Прямо перед гостиницей протекала красивая горная речка Таникава, в которой сновала крупная разноцветная рыба. Над водой, весело галдя, порхали птицы, а к берегу то и дело приходили то лисы, то обезьяны. Горы кормили всех. В этом оторванном от всего света мирке молодой Хайда читал и размышлял о чем только душа пожелает. Реальный суетный мир не представлял для него ни малейшего интереса.
Прожив так пару месяцев, он разговорился с одним постояльцем. Мужчина лет сорока пяти, долговязый, короткие волосы, высокий лоб. Очки в позолоченной оправе, череп похож на яйцо. С большой виниловой сумкой через плечо, он сам поднялся по горной дороге, поселился в гостинице и до встречи с Хайдой жил там уже с неделю. Наружу выходил всегда в одних и тех же кожаной куртке, синих джинсах и тяжелых рабочих ботинках. А в холодные дни надевал шерстяную шапочку и повязывал шею темно-синим шарфом. Звали его Мидорикава [15] . По крайней мере, именно такую фамилию (а также адрес в городишке Коганэи под Токио) он оставил на бланке при заселении. Держался очень педантично – каждое утро оплачивал наличными свой номер за прошедшие сутки.
15
Мидори-кава (яп.) – зеленая река.
(«Мидорикава? Опять «цветное» имя?» – подумал Цкуру. Но ничего не сказал и слушал дальше.)
Чем Мидорикава занимался в жизни, понять было сложно: почти все время он просиживал в ротэмбуро [16] . Или уходил гулять в горы, после чего грелся за котацу [17] и читал один за другим привезенные с собой покетбуки (в основном какие-то бульварные романы), а вечером выпивал две бутылочки горячего саке. Ровно две, ни больше ни меньше. Как и отец Хайды, без особой надобности рта не раскрывал, хотя персонал гостиницы это ничуть не раздражало. К подобным клиентам они давно привыкли. В эту горную глушь вечно приезжали люди с какими-нибудь странностями, а если еще и останавливались надолго, эти странности только усиливались.
16
Ротэмбуро (яп.) – водоемы или просторные сидячие ванны на горячих источниках. Обычно устраиваются под открытым небом, в данном случае – на отгороженном участке берега реки.
17
Котацу (яп.) – традиционный низкий стол со встроенным обогревателем. Как правило, рассчитан на несколько человек, которые греются, спрятав под него ноги. Чтобы тепло не уходило, снабжен толстым одеялом от краев столешницы до татами.
Иногда, перед самым рассветом, Хайда приходил окунуться в ротэмбуро на берег реки.
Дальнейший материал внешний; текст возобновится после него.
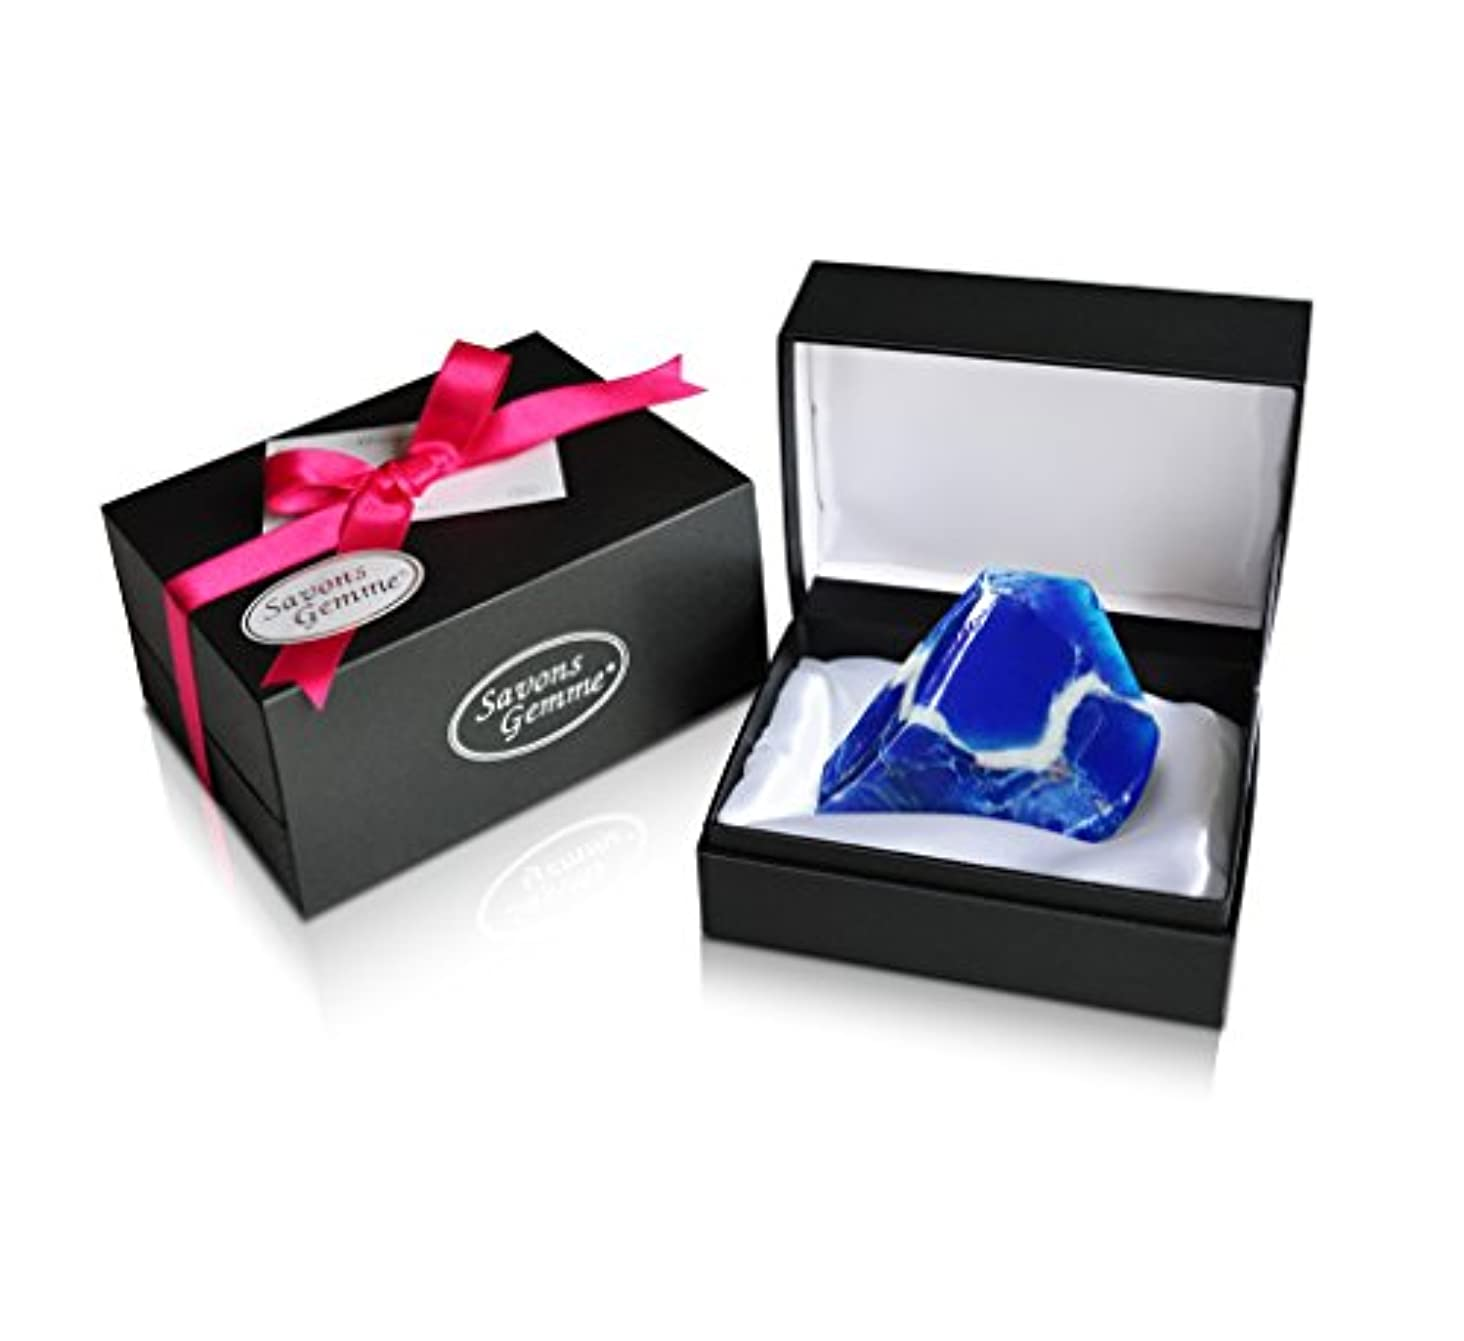 肉屋データベース絶滅させるSavons Gemme サボンジェム ジュエリーギフトボックス 世界で一番美しい宝石石鹸 フレグランス ソープ ラピスラズリィ 170g

Там-то он и познакомился с Мидорикавой, который всякий раз приветствовал его короткими междометиями. Видимо, чем-то парнишка-разнорабочий заинтересовал незнакомца. Может, тем, что в свободное время сидел на крыльце и читал Жоржа Батая? Кто знает.
Мидорикава оказался джазовым пианистом из Токио. По его словам, устав от личных неурядиц, а также от ежедневных концертов и репетиций, он решил отдохнуть в каком-нибудь тихом месте – и добрался досюда. Точнее, сначала он просто ехал куда глаза глядят, а в этом онсэне оказался случайно. И сразу же оценил, насколько здесь все просто и аскетично – никаких излишеств.